══ INFORMATION PROVIDED

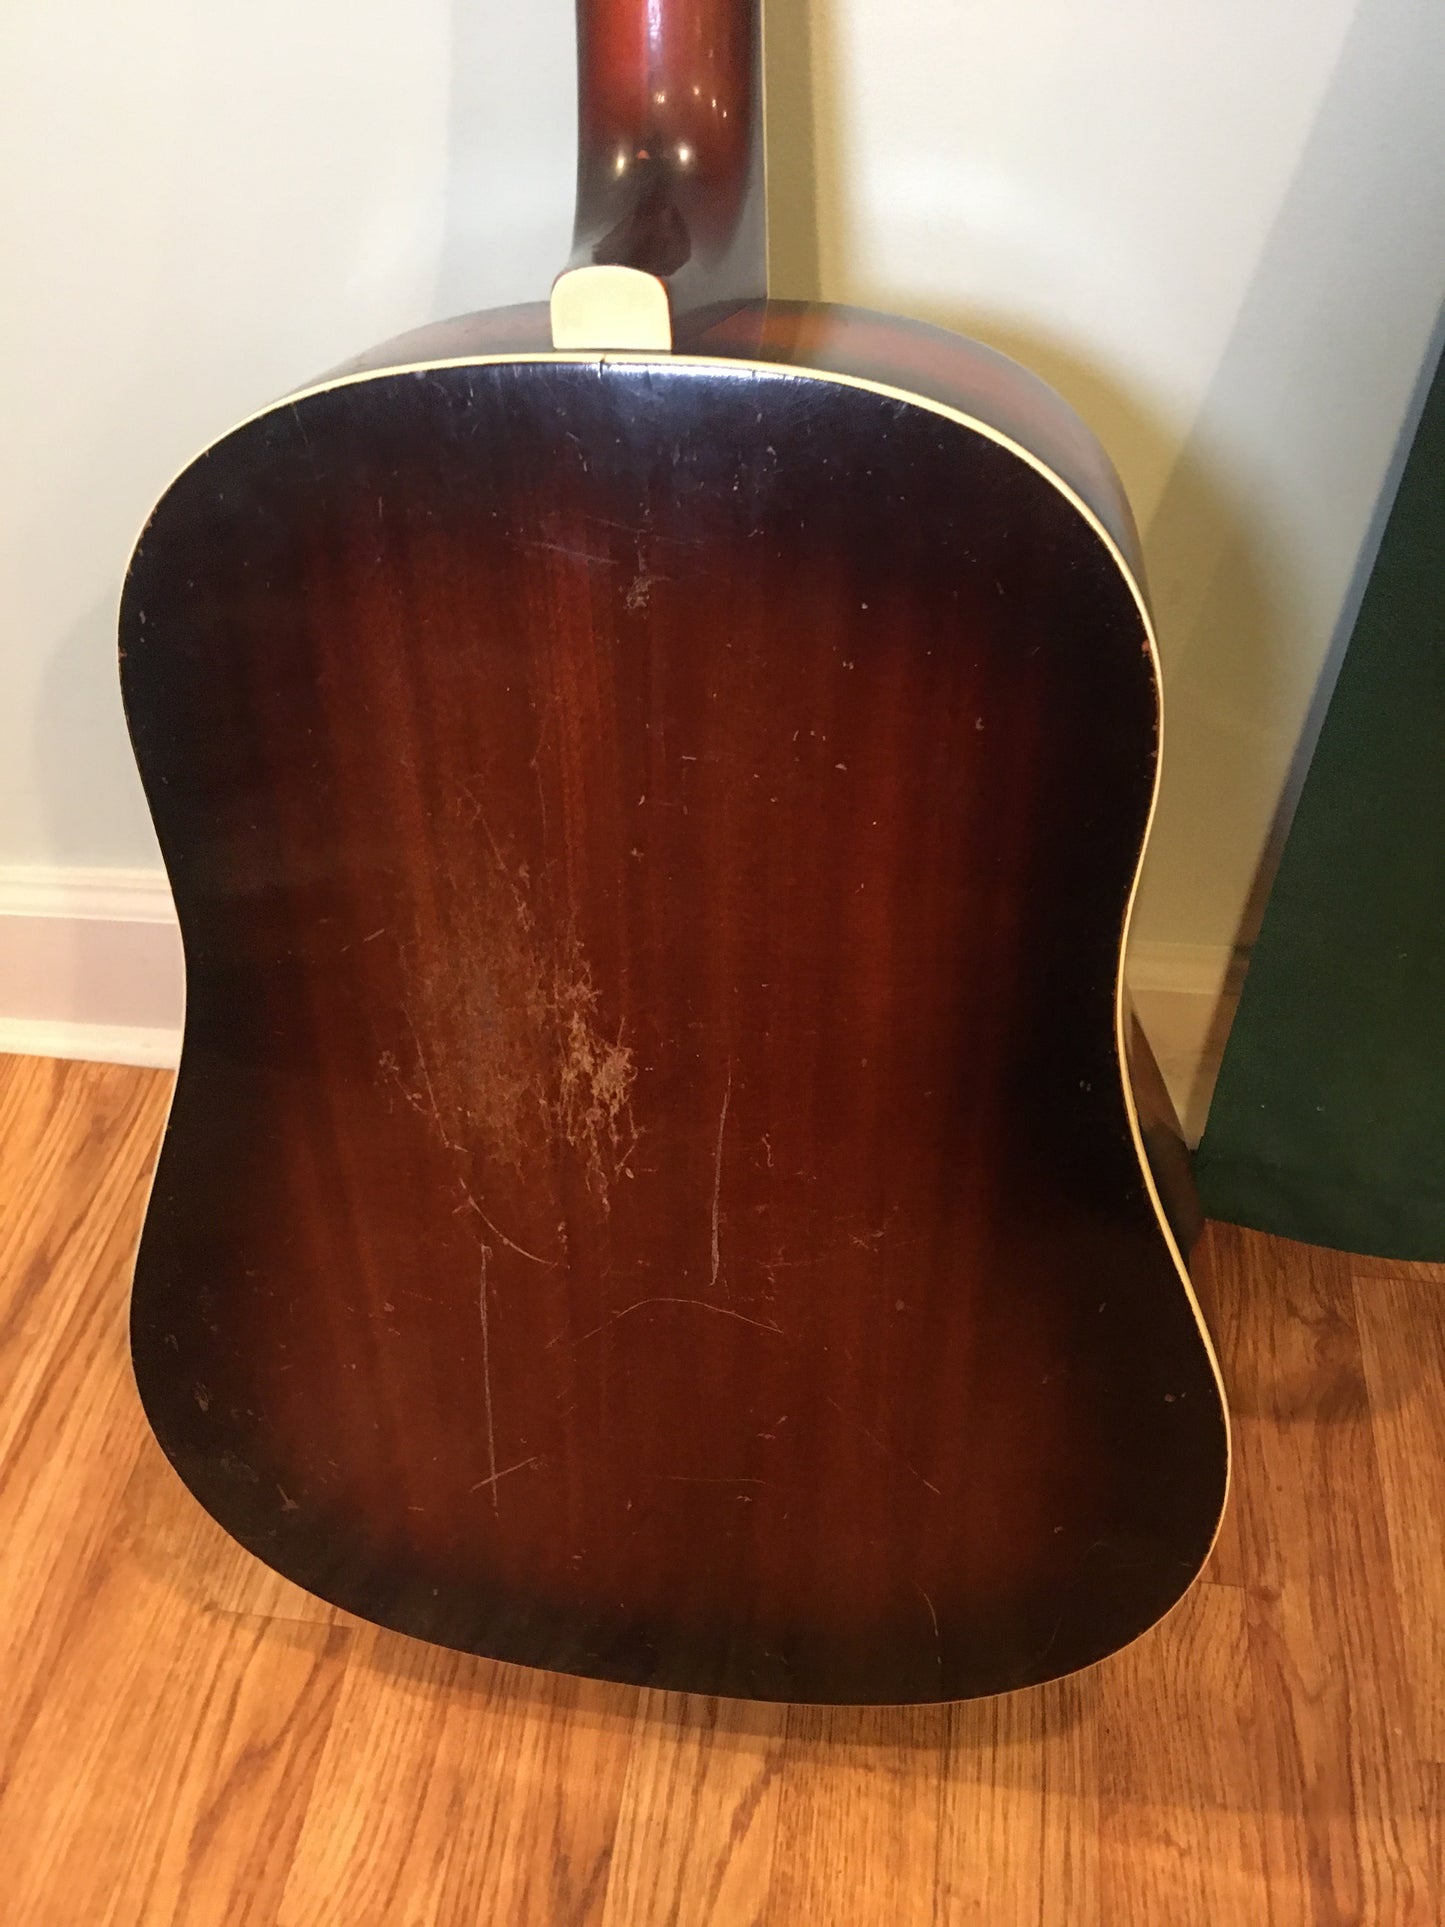 1951 Regal Milord Jumbo Acoustic Guitar Sunburst
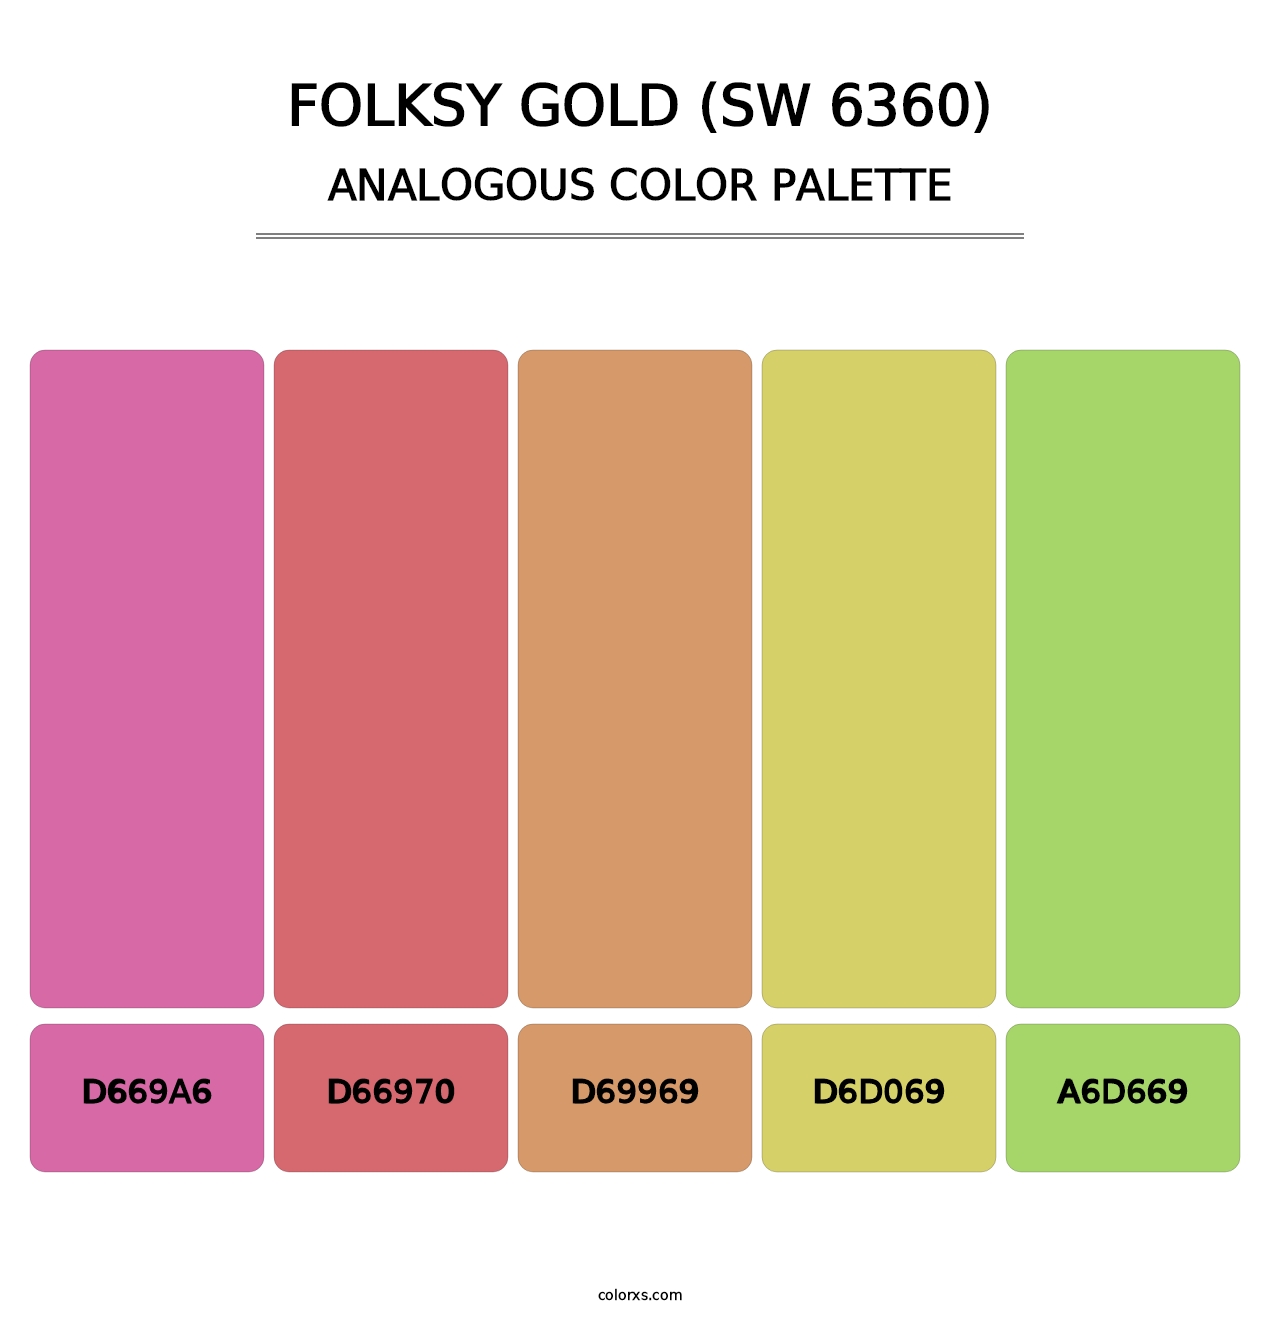 Folksy Gold (SW 6360) - Analogous Color Palette
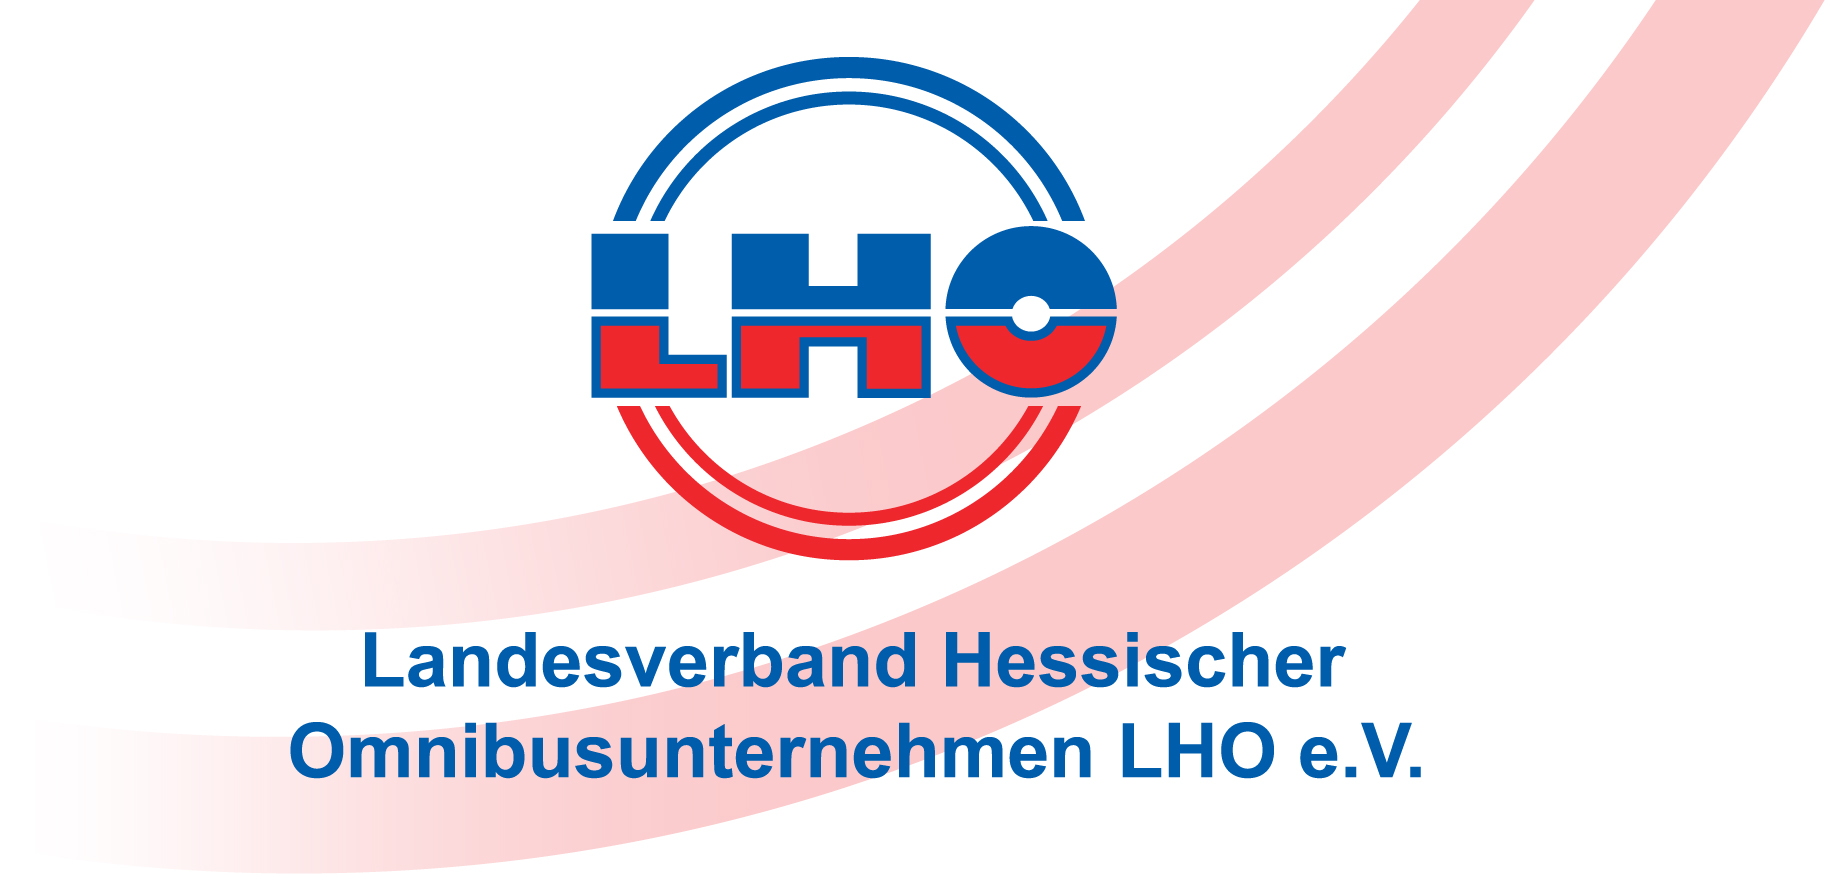 Landesverband Hessischer Omnibusunternehmen (LHO) e.V.
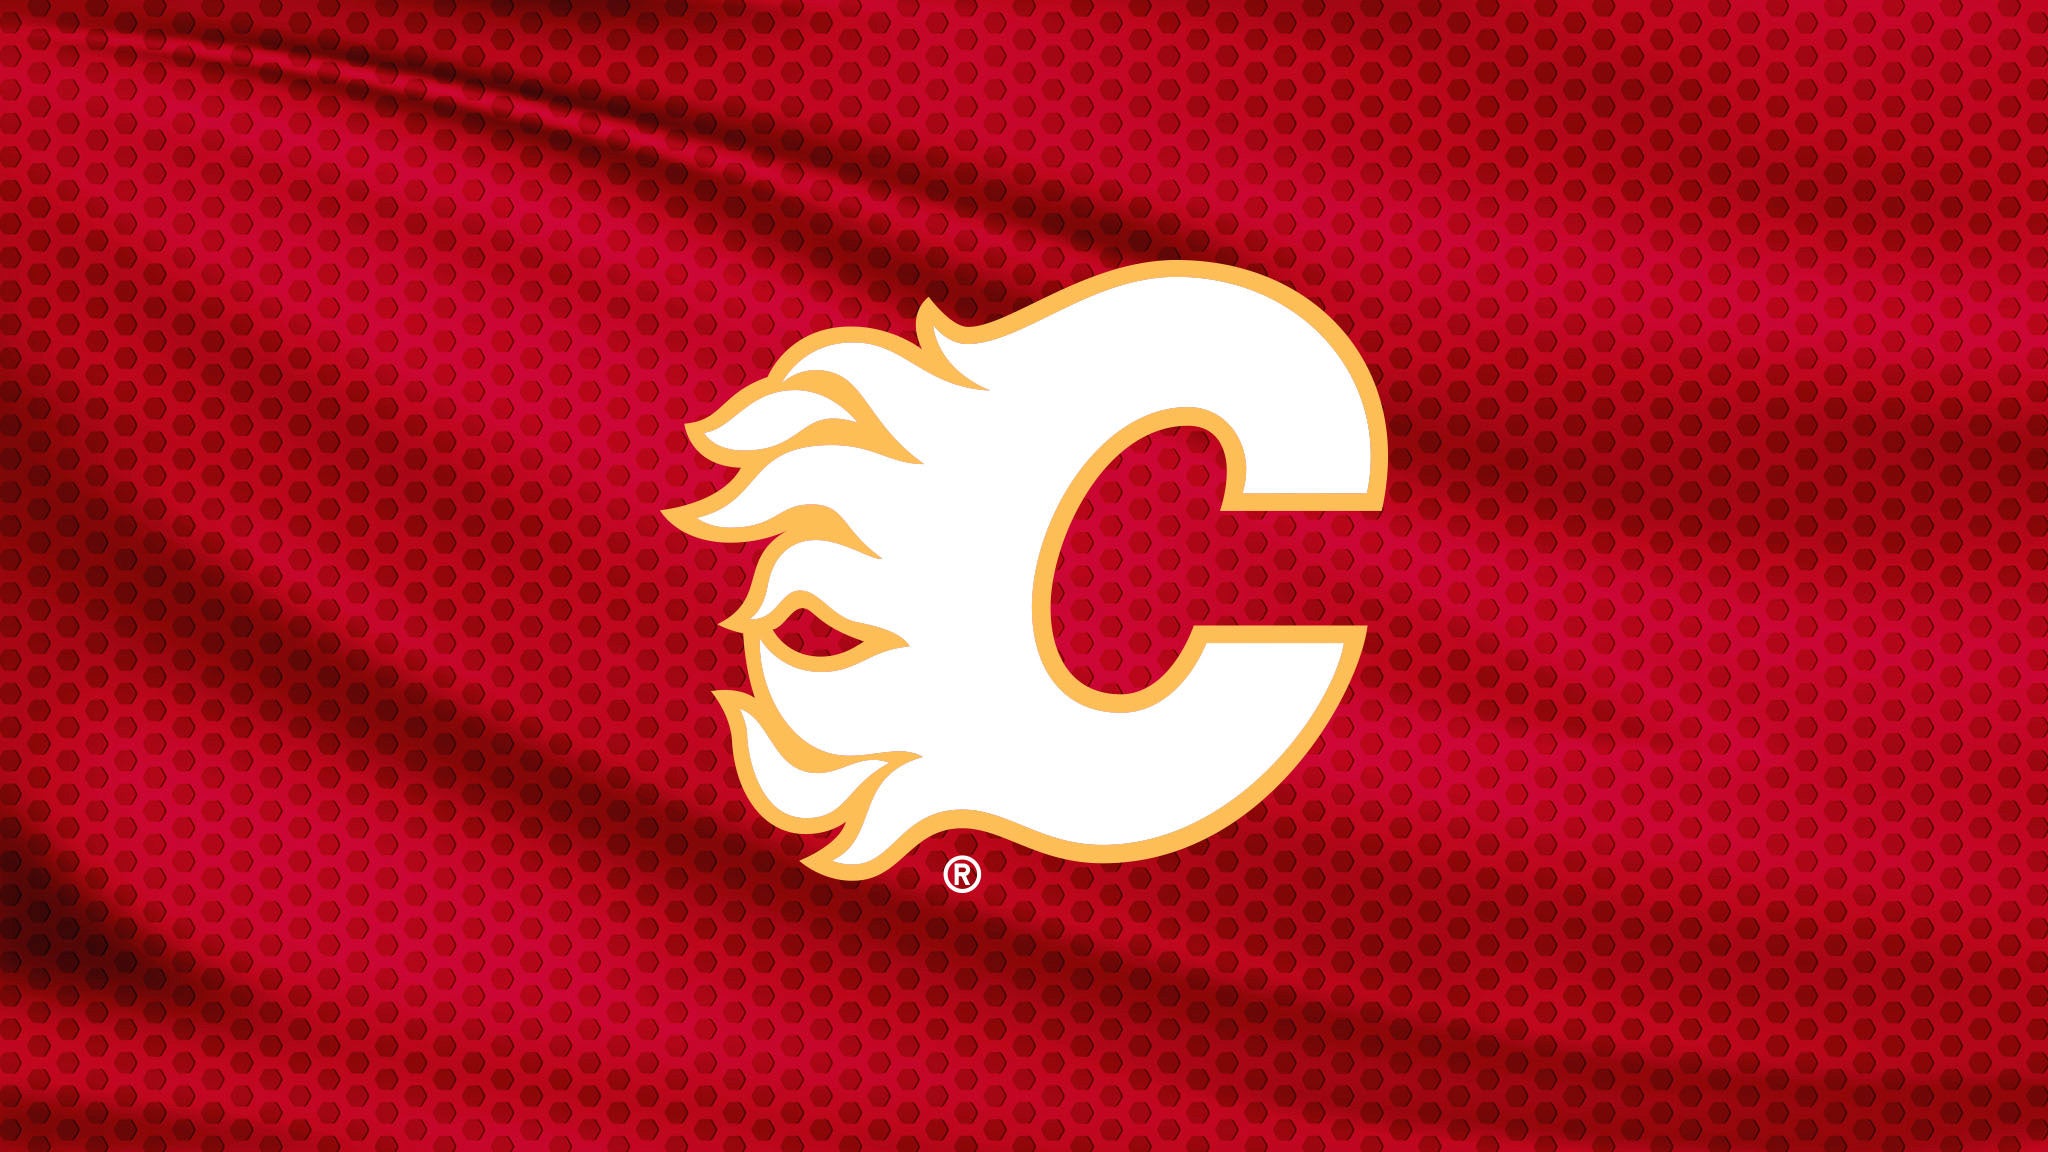 Calgary Flames vs. Buffalo Sabres in Calgary promo photo for Ticketmaster presale offer code

════

WORK ORDER: What the answer must hold is the exact text of every line from the one containing "Folksy Gold (SW" through the end of the data, minus any pictures.

YOUR SOLUTION:
 Folksy Gold (SW 6360) - Analogous Color Palette
 Landesverband Hessischer Omnibusunternehmen (LHO) e.V.
 Calgary Flames vs. Buffalo Sabres in Calgary promo photo for Ticketmaster presale offer code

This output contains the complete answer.